Data compression is a way of finding economical ways to encode information, for storing files using limited disk space, or for transfering files over a network. Data compression is critical for transmitting videos over the internet. Sophisticated data compression algorithms for text files take into account sequences of characters that occur often, so that they can encode those sequences in an efficient way. For example, if the word Rumpelstiltskin occurs often, then there will be a very short code for that word.

A very simple kind of data compression for text files works on individual characters, without paying attention to how characters are grouped. This assignment has to do with that simple form of data compression, using an algorithm called Huffman coding.

A file is a sequence of bits. Codes such as Ascii and Unicode use a fixed number of bits to encode each character. For example, in the 8-bit Ascii code, the letters 'a', 'b' and 'c' have the following encodings.

'a'		01100001
'b'		01100010
'c'		01100011

In the 16 bit Unicode standard, the codes for 'a', 'b' and 'c' are as follows.

'a'		0000000001100001
'b'		0000000001100010
'c'		0000000001100011

Some characters are used more than others. For an economical encoding, instead of using the same number of bits for every character, it would be better to use shorter codes for characters that occur more frequently. For example, suppose that a document contains only the letters a, b and c, and suppose that the letter b occurs far more often than either a or c. An alternative character encoding is as follows.

'a'		10
'b'		0
'c'		11

This code has the property that no character code is a prefix of any other character code. Using this kind of character code (called a prefix code) allows you to break apart a string of bits into the characters that it encodes. For example, string of bits "01001110" encodes "babca". To decode a string, you repeatedly remove a prefix that encodes a character.
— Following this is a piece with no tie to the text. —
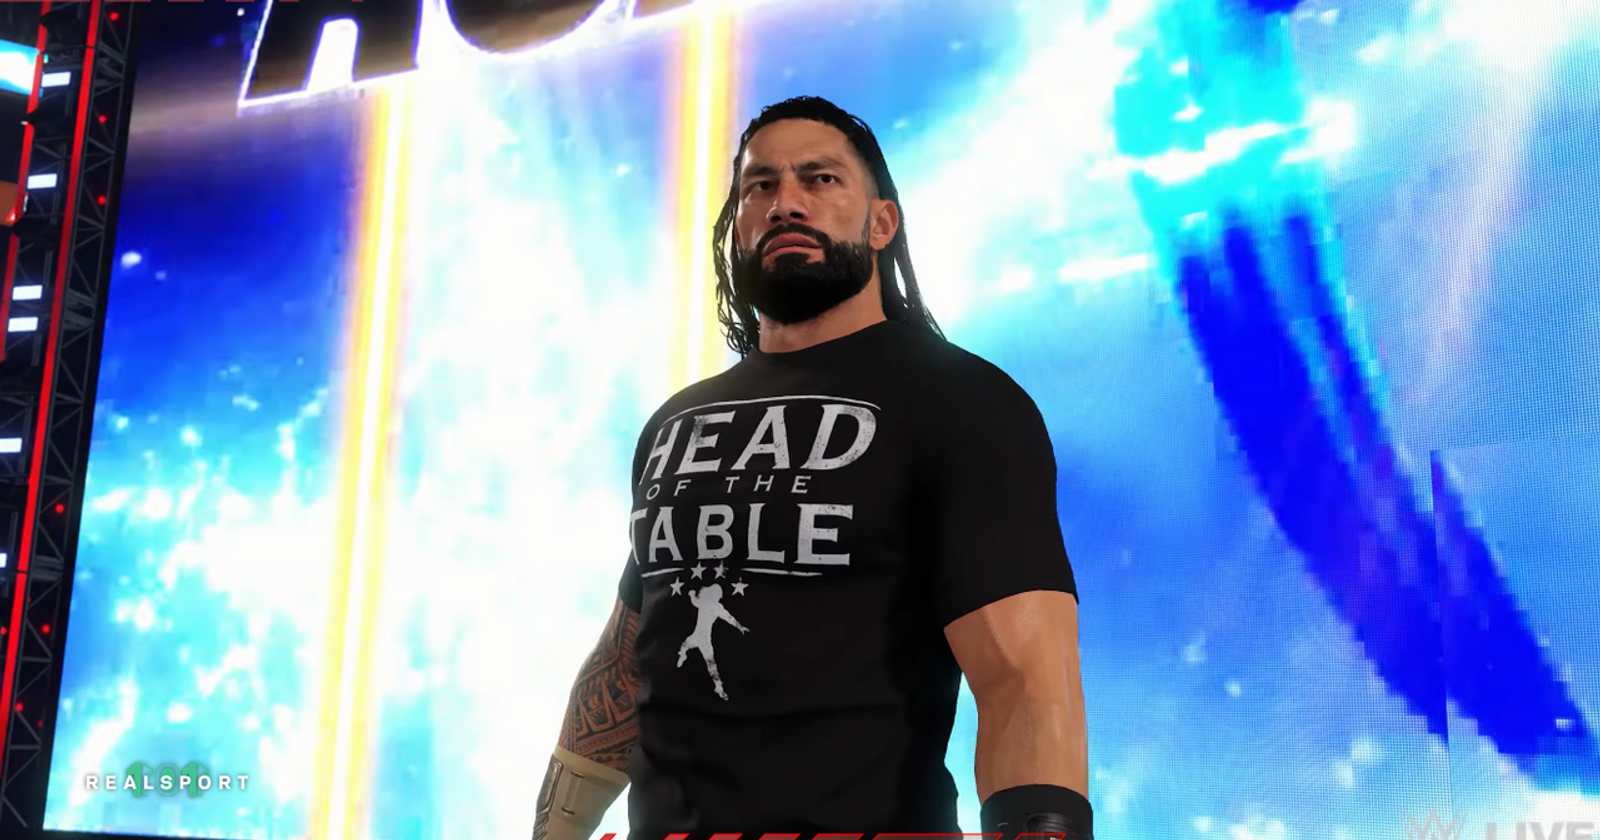 We may not have gotten Ciampa, but we got someone even better. : r/WWEGames
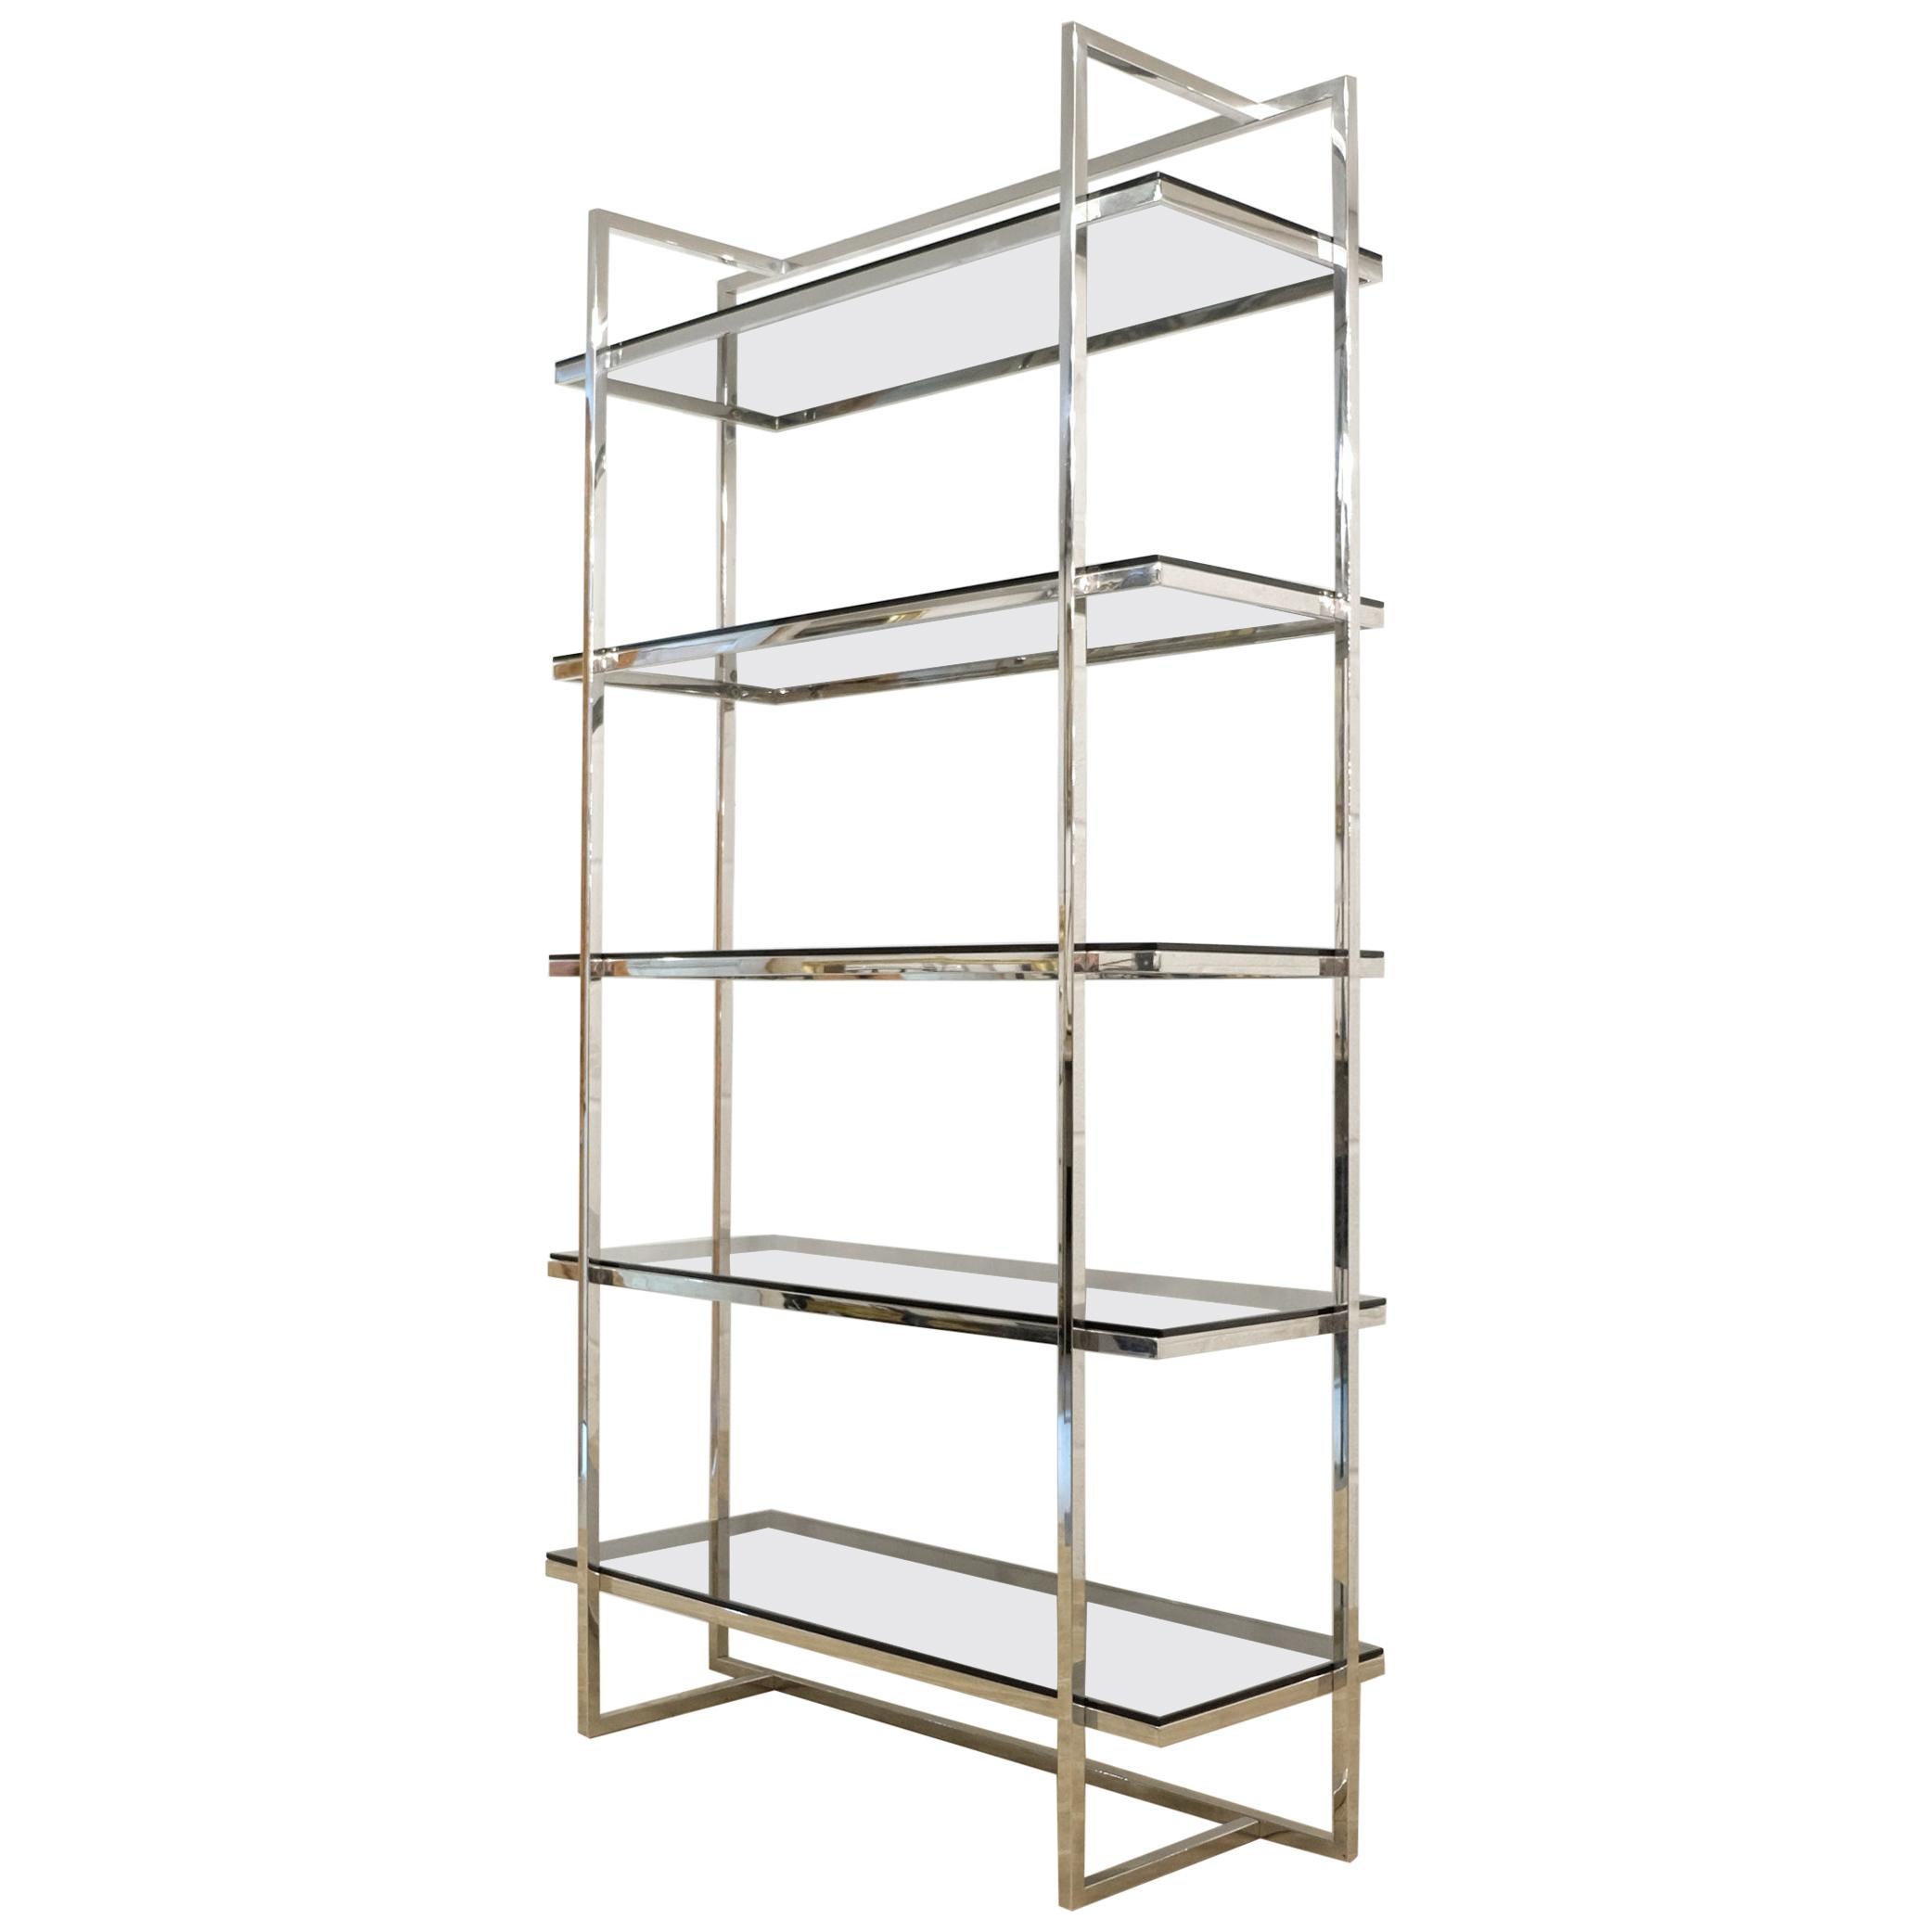 Mid-20th Century Chrome and Smoked Glass Shelving Unit, Storage, 1970s

Since no code is a prefix of any other code, there is only one way to select the next character.

Assignment

For this assignment you will write two programs.

The first program, called huffman, gets two file names, which I will refer to as A and B, from the command line. It should do the following.

Count how many occurrences of each character are in file A.
If requested, show the character frequencies on the standard output, showing only characters that occur at least once.
Construct a Huffman code for the characters that occur in file A (ignoring characters that do not occur at all).
If requested, write the code on the standard output.
Reread file A and, using the constructed Huffman code, write an encoded version of file A into file B.

For example, command

  ./huffman data.txt data.cmp

reads file data.txt and writes a compressed version into a file called data.cmp.

The second program, called unhuffman, will also be given two file names, A and B, on the command line. It reads file A, which must be a file that was written by your first program, and it writes file B, which should be the decoded version of A. The decoded file should look identical to the file that you encoded. For example, command

  ./unhuffman data.cmp newdata.txt

reads data.cmp and writes newdata.txt.

Algorithmic Issues

There is an algorithm that is due to Huffman for finding efficient prefix codes, called Huffman codes. The input to the algorithm is a table of characters with their frequencies.

Trees and codes

A tree is used to define a prefix code. Each node of the tree is either a leaf or a nonleaf. Each leaf contains a character. Each nonleaf has two children, the left child and the right child. We also think of the left child as the '0' child and the right child as the '1' child. An example is the following tree.

               .
              / \
            0/   \1
            /     \
           /       \
          .         .
         / \       / \
       0/   \1   0/   \1
       /     \   /     \
      c      b   a      d

A tree defines a code as follows. You find the code for a character by following the path from the top (the root) of the tree to that character, writing down the 0's and 1's that you see along the path. For example, in the tree above, the code for 'b' is 01 and the code for 'a' is 10. What is the code for 'c'? A different code is given by the following tree.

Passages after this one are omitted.